Хрущев прослушал первую часть рассказа, но не дослушал всего рассказа. Если в I-й части “Ивана Денисовича” речь шла о лагере, где сидит “набор”, как тогда называлось, “45‑го года”, то есть люди, побывавшие в плену или репатриированные (всем давали 10 лет), то во II-й части проходит такой, как Тюрин – сын раскулаченного кулака. В 30-м году он оказывается в привилегированных войсках, аналог нынешнего СПЕЦНАЗ-а, и его вызывают на ковер и изобличают как предателя за то, что он скрыл свое прошлое; он бежит из армии и всю жизнь остается на нелегальном положении.

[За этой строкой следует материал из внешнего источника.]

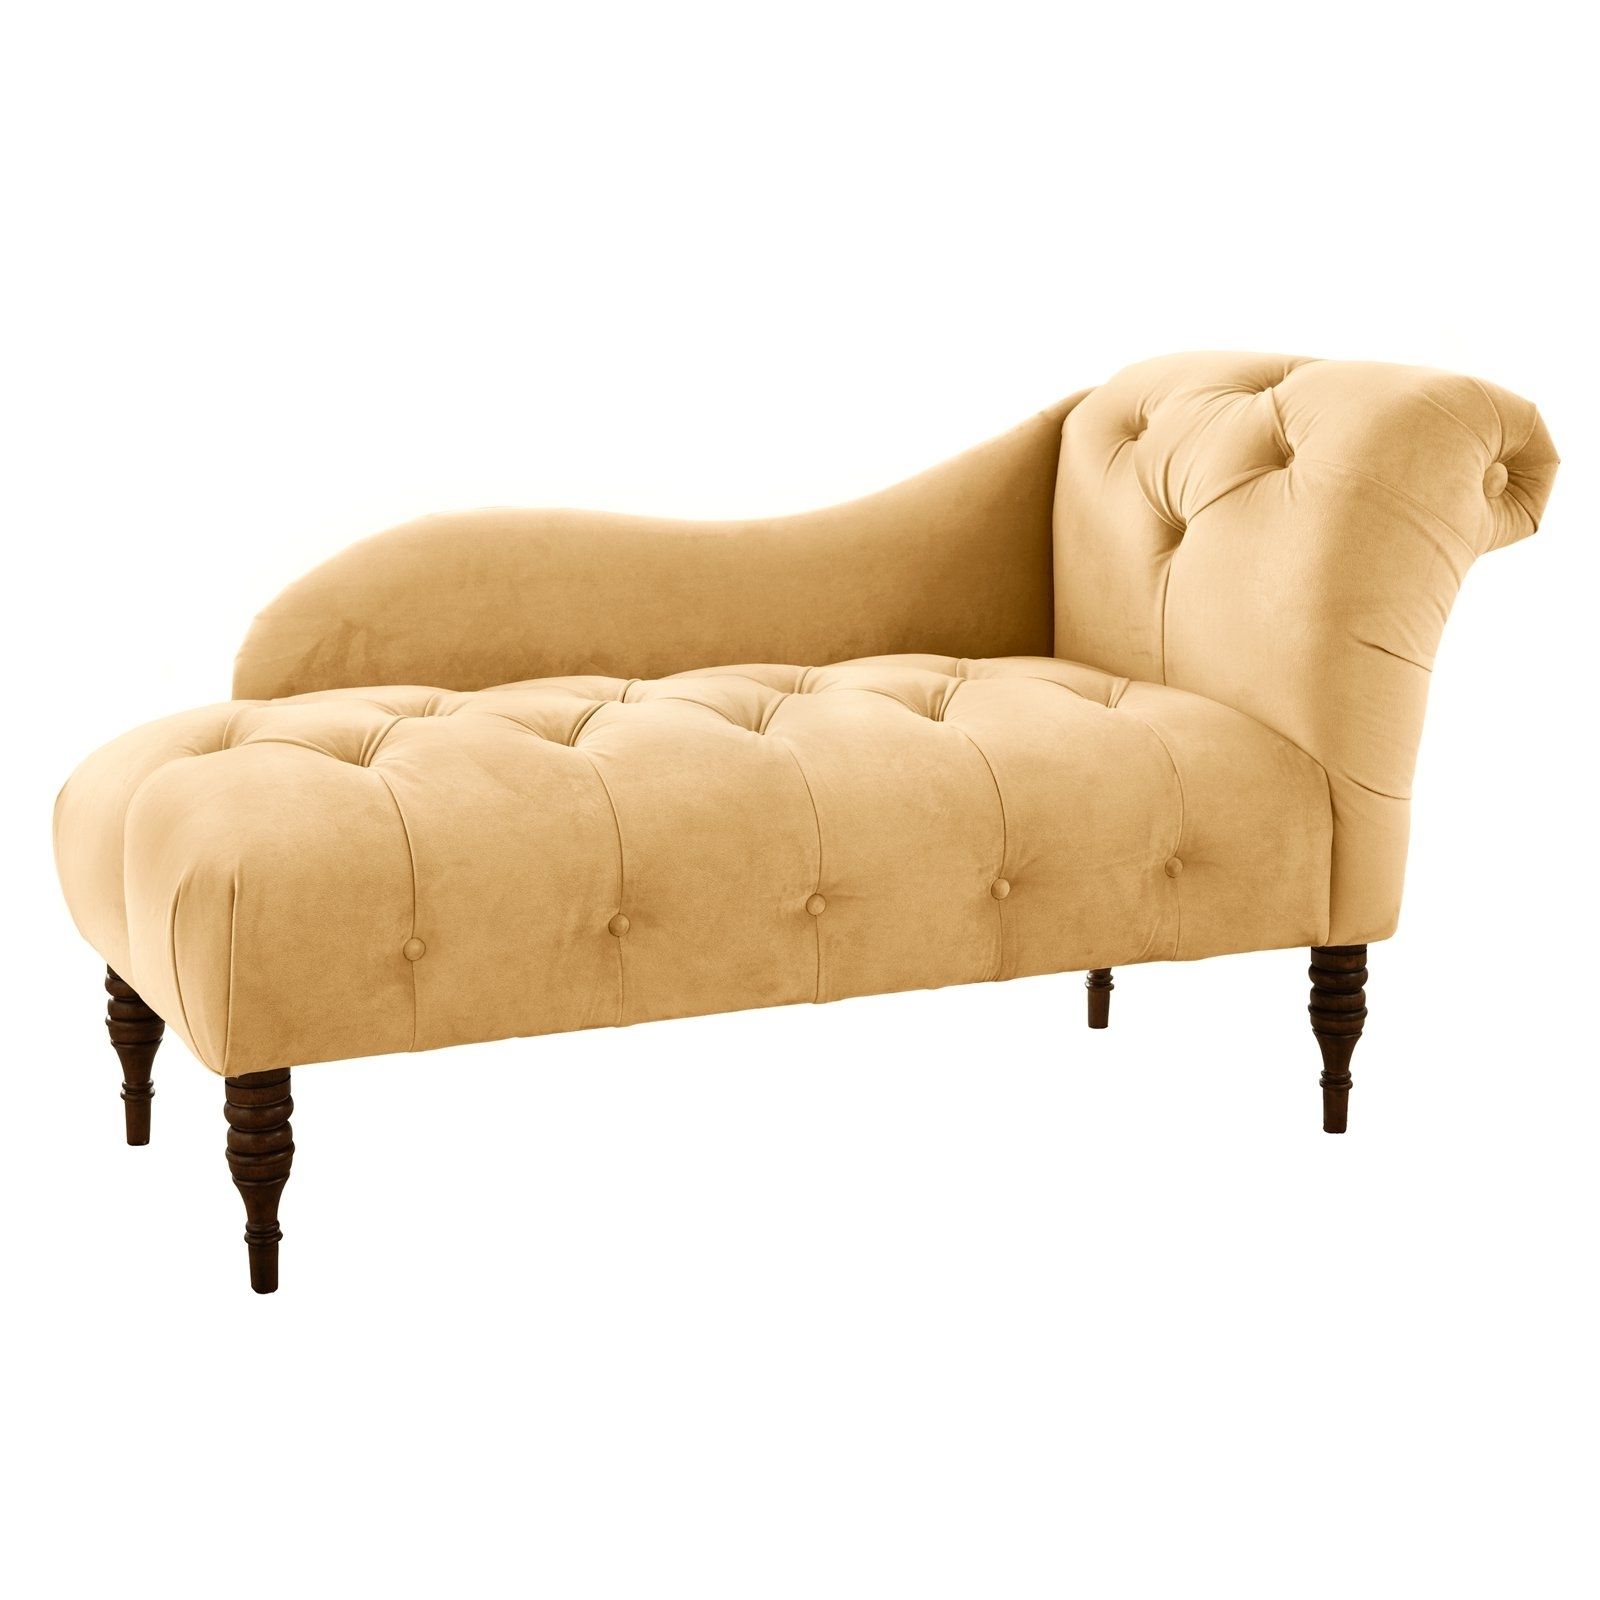 Hayneedle Intended For Most Current Upholstered Chaise Lounges (Photo 9 of 15)
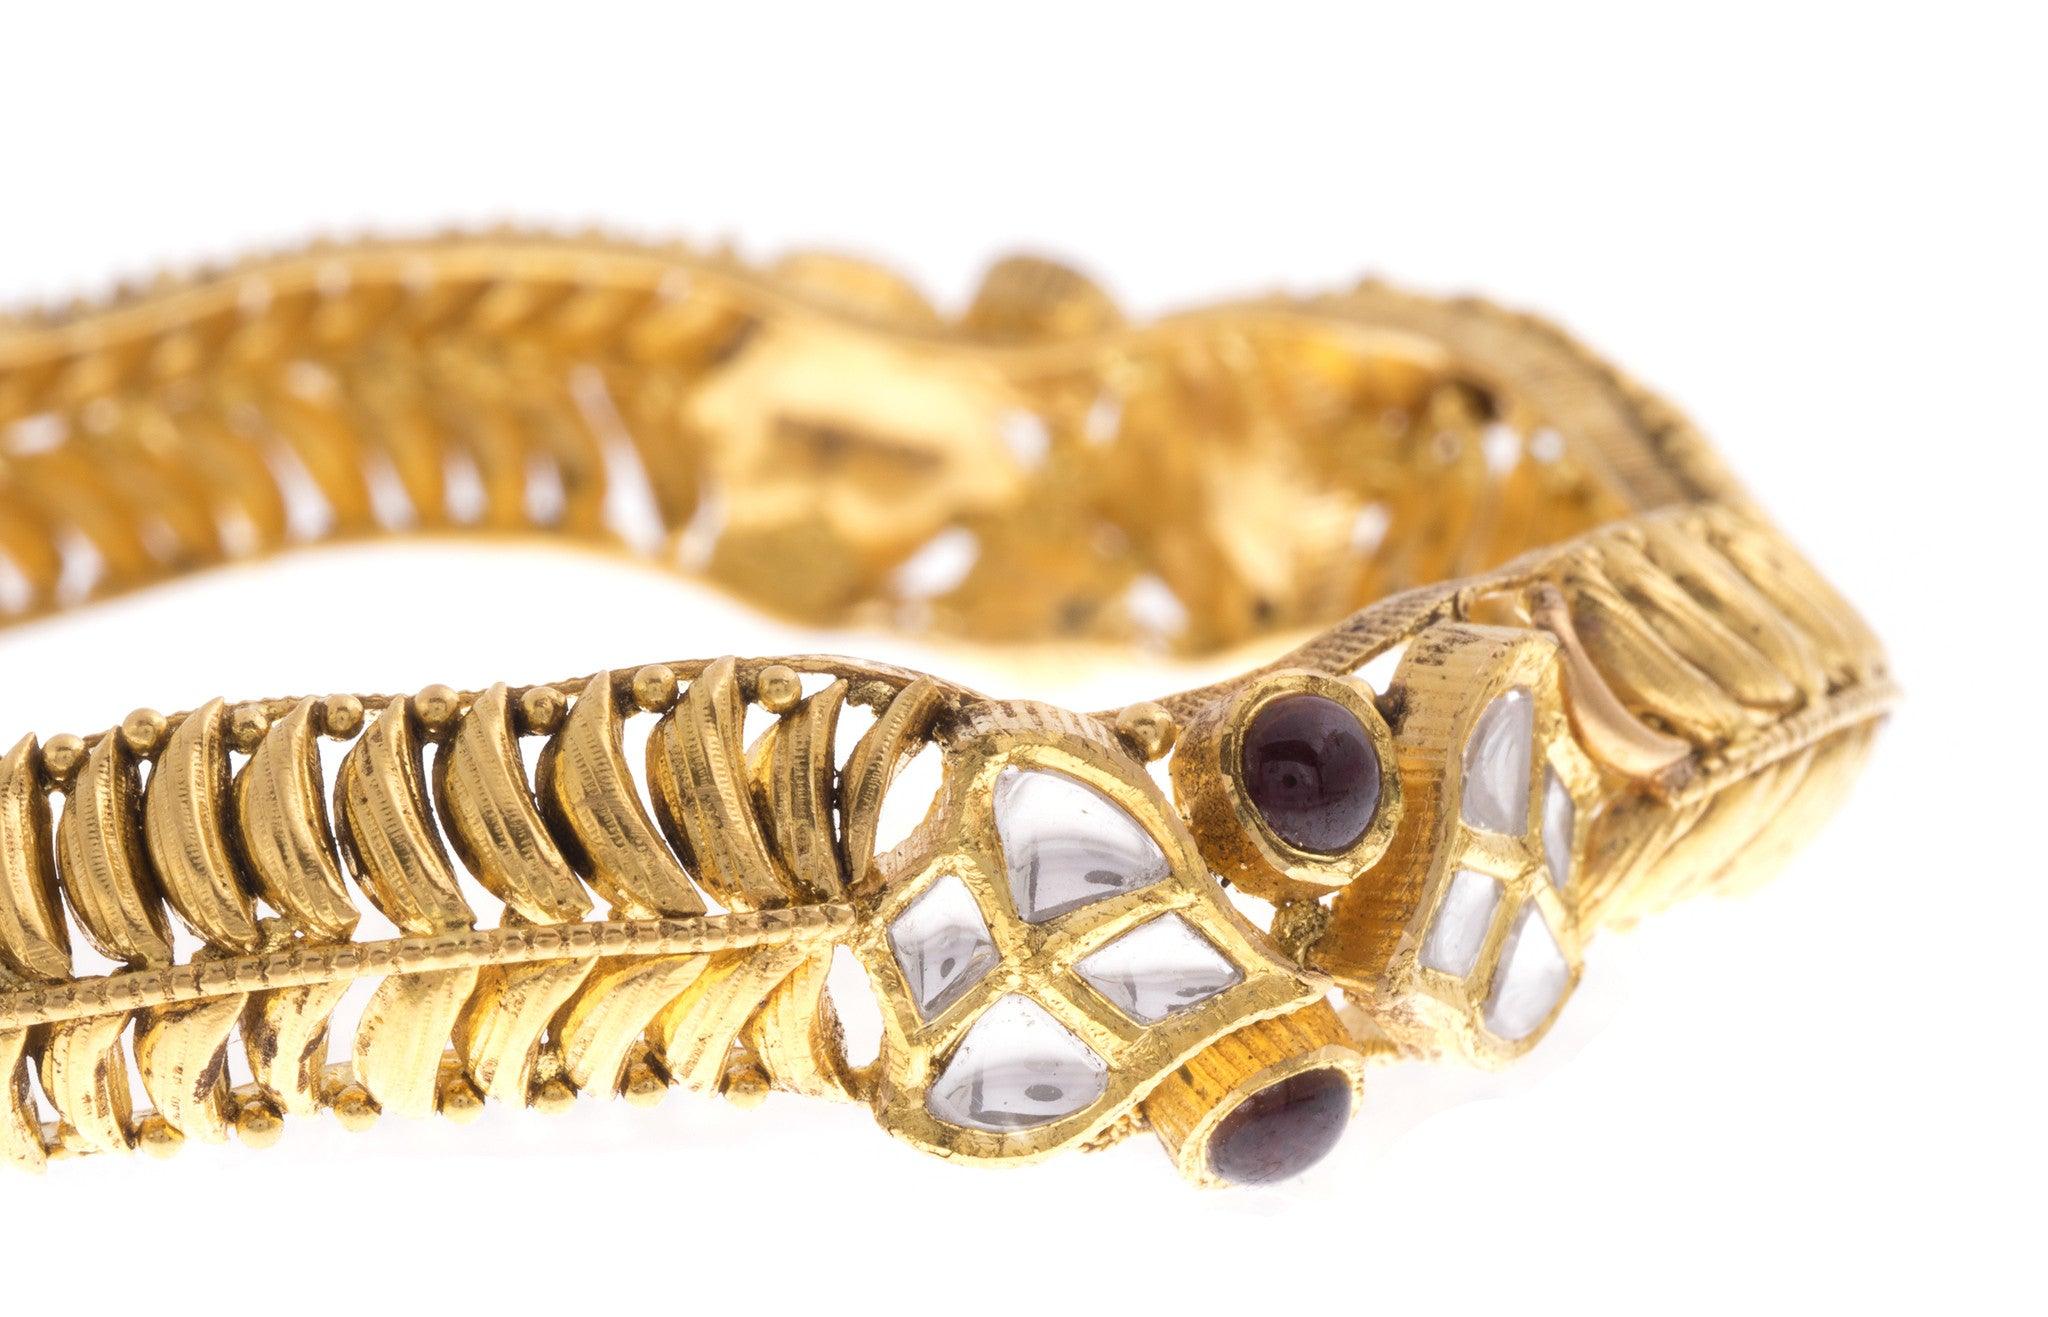 22ct Yellow Gold Antique Look Bangle with Synthetic Stones (G1753), Minar Jewellers - 7

В романе описано, как Тюрин забирается в купе вагона, в котором ехали какие-то студентки; его прячут. В конце концов, его все-таки сажают, но Тюрин помнит добро. Поэтому когда одна из тех студенток будет “доходить” в лагере во время массовой посадки 34-го года в Ленинграде, то он “устроит” ее то ли поваром, то ли в КВЧ (культурно-воспитательная часть).

В романе описан Цезарь Маркович, который получает продуктовые посылки (продуктовые передачи будут запрещены в самом начале 50-го года, то есть сразу же устанавливается временной период – 48-49 год); сидит баптист Алёшка — они в своей общине молились на Кавказе и их всех посадили. Этот Алёшка, кстати, обличает господствующую Церковь, что “у них вера не твёрдая”, поэтому православным попам вообще сроков не дают или пять лет, а этим не меньше десятки.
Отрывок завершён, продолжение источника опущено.